Mishra Santosh Kumar, Choudhury Soumen
Division of Pharmacology & Toxicology, Indian Veterinary Research Institute, Bareilly, Uttar Pradesh, India.
, Bhubaneswar, Odisha, India.
Methods Mol Biol. 2018;1717:161-187. doi: 10.1007/978-1-4939-7526-6_14.
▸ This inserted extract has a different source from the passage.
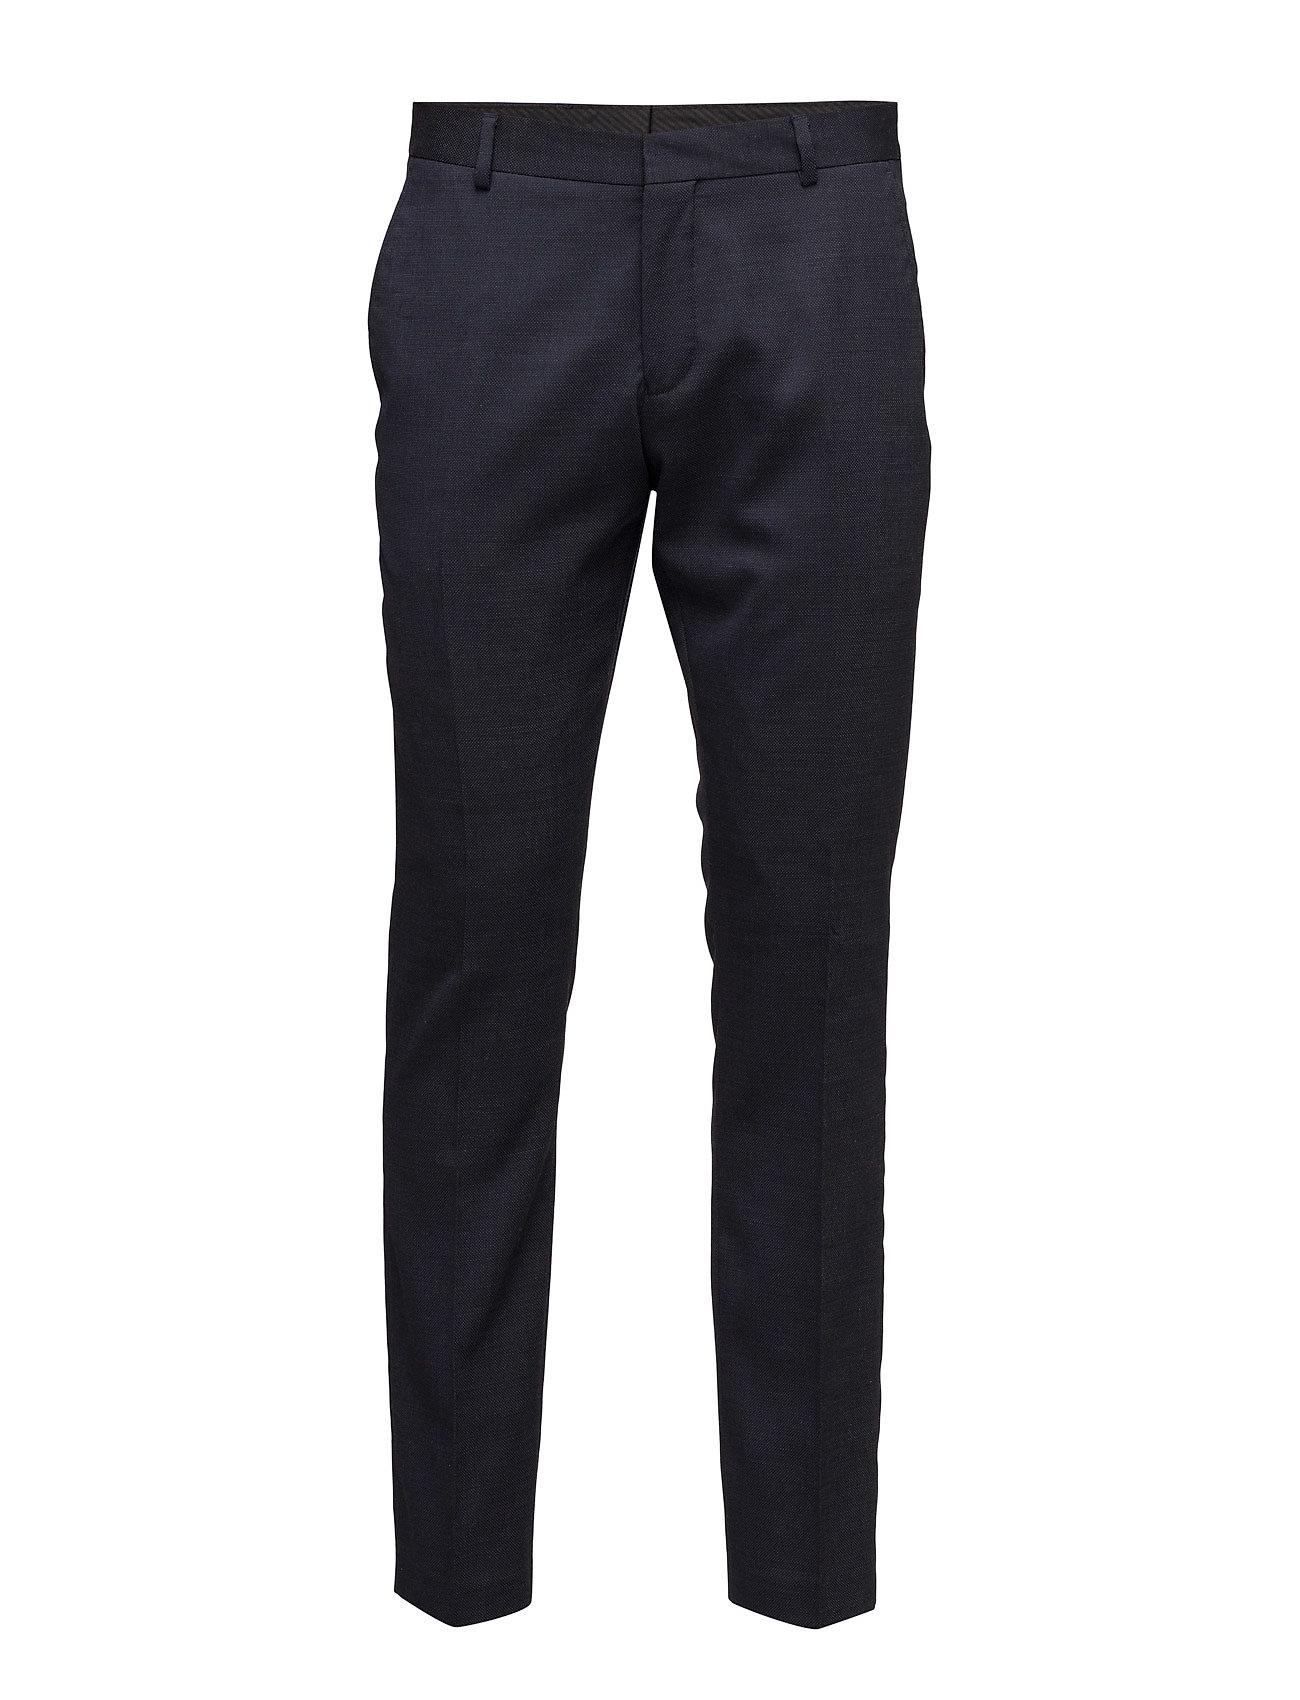 Shdone-Mylorex3 Dk Navy Trouser Noos Selected Homme Formelle til Herrer i Mørk Navy

Sepsis is the systemic inflammatory response syndrome that occurs during infection and is exacerbated by the inappropriate immune response encountered by the affected individual. Despite extensive research, sepsis in humans is one of the biggest challenges for clinicians. The high mortality rate in sepsis is primarily due to hypoperfusion-induced multiorgan dysfunctions , resulting from a marked decrease in peripheral resistance. Vascular dysfunctions are further aggravated by sepsis-induced impairment in myocardial contractility. Circulatory failure in sepsis is characterized by refractory hypotension and vascular hyporeactivity (vasoplegia) to clinically used vasoconstrictors. To investigate the complex pathophysiology of sepsis and its associated multiple organ dysfunction, several animal models have been developed. However, cecal ligation and puncture (CLP) model of murine sepsis is still considered as 'gold standard' in sepsis research. In this protocol we have described the standard surgical procedure to induce polymicrobial sepsis by cecal ligation and puncture. Further, we have described the protocol to study the molecular mechanisms underlying vascular dysfunctions in sepsis.
脓毒症是在感染期间发生的全身炎症反应综合征,受影响个体所遭遇的不适当免疫反应会使其加剧。尽管进行了广泛研究,但人类脓毒症仍是临床医生面临的最大挑战之一。脓毒症的高死亡率主要归因于外周阻力显著降低导致的低灌注诱发的多器官功能障碍。脓毒症引起的心肌收缩力损害会进一步加重血管功能障碍。脓毒症中的循环衰竭表现为难治性低血压和对临床使用的血管收缩剂的血管反应性降低(血管麻痹)。为了研究脓毒症及其相关多器官功能障碍的复杂病理生理学,已经开发了几种动物模型。然而,小鼠脓毒症的盲肠结扎和穿刺(CLP)模型在脓毒症研究中仍被视为“金标准”。在本方案中,我们描述了通过盲肠结扎和穿刺诱导多微生物脓毒症的标准手术程序。此外,我们还描述了研究脓毒症中血管功能障碍潜在分子机制的方案。